**Input material:**
******
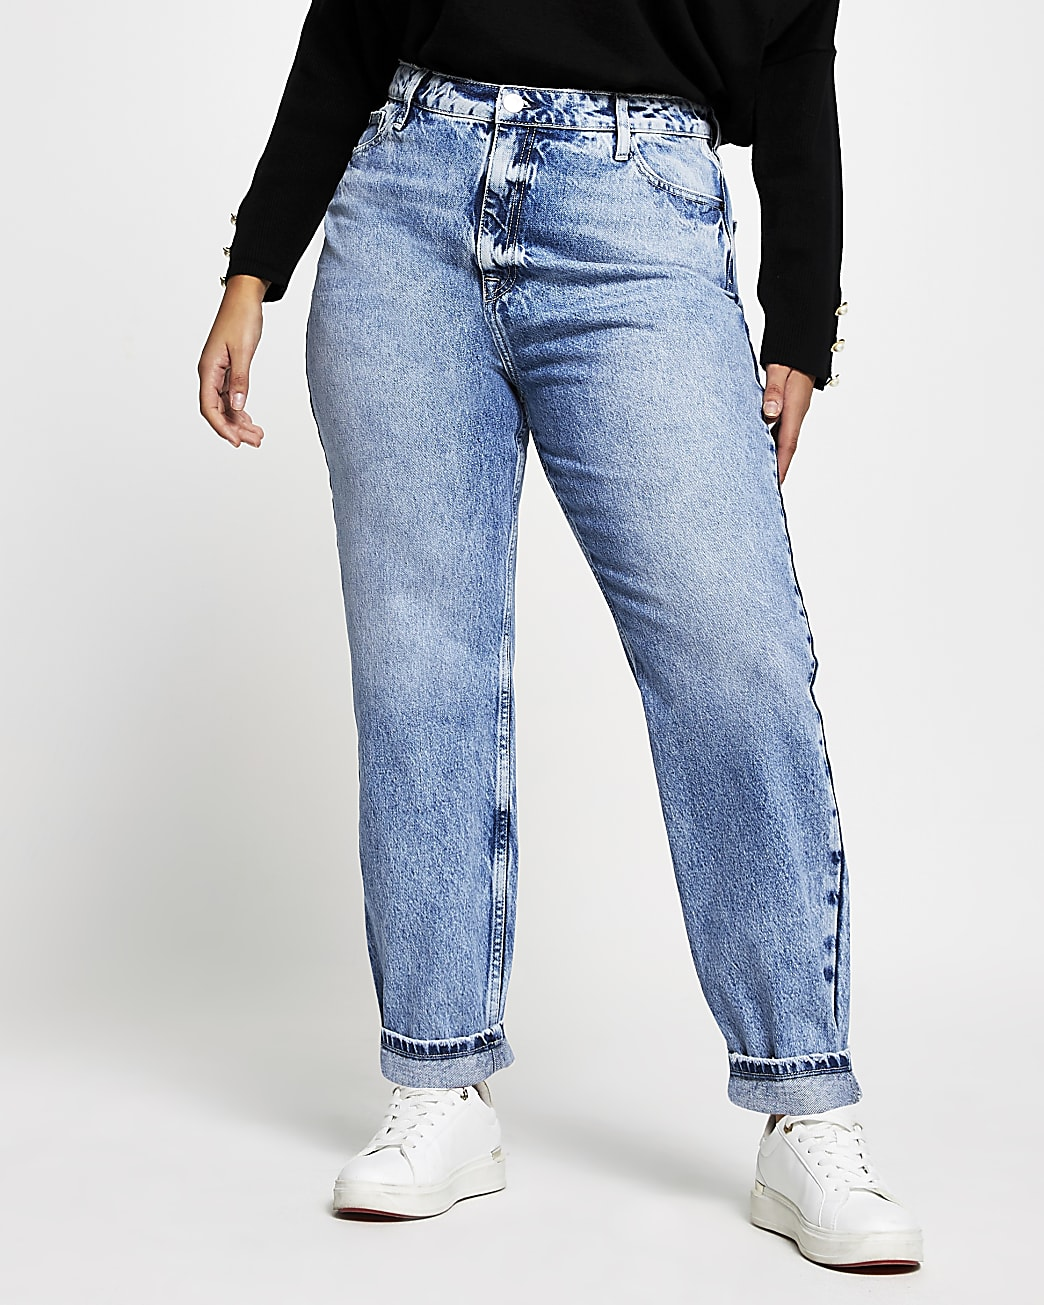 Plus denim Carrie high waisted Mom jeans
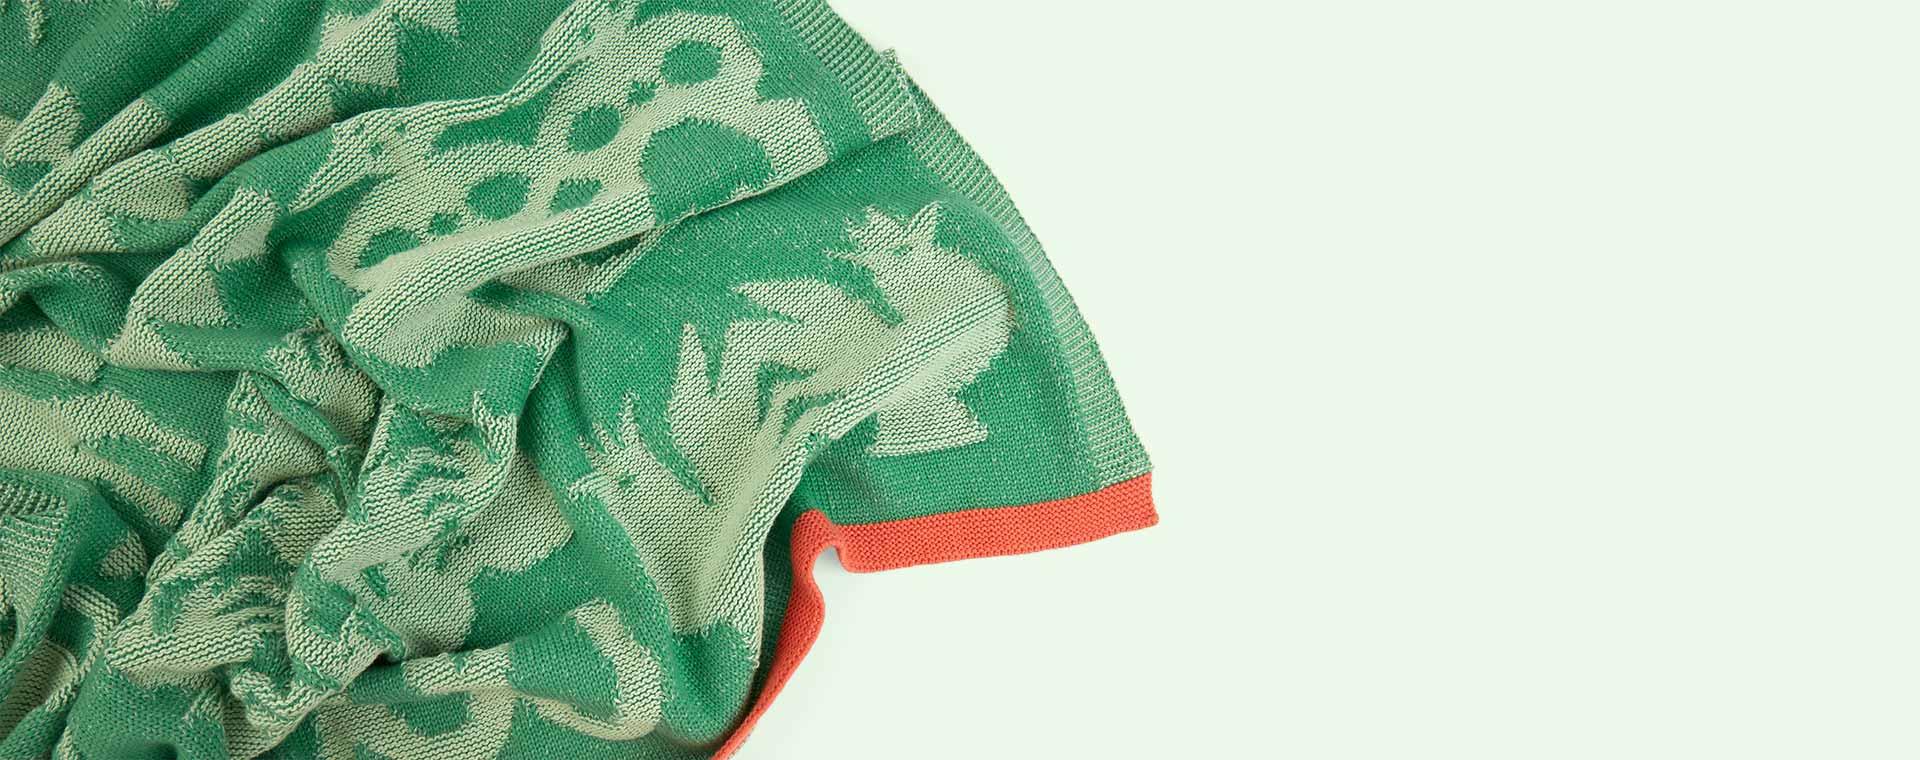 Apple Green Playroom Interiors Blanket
******
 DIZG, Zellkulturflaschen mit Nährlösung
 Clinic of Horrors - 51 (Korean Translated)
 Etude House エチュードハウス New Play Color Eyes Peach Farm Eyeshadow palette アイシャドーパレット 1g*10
******
**Work required:** Wherever the line holding "DIZG, Zellkulturflaschen mit Nährlösung" falls in the entries above, copy exactly from it through the line holding "Etude House エチュードハウス", inclusive, and add nothing.

**Exercise output:**
 DIZG, Zellkulturflaschen mit Nährlösung
 Clinic of Horrors - 51 (Korean Translated)
 Etude House エチュードハウス New Play Color Eyes Peach Farm Eyeshadow palette アイシャドーパレット 1g*10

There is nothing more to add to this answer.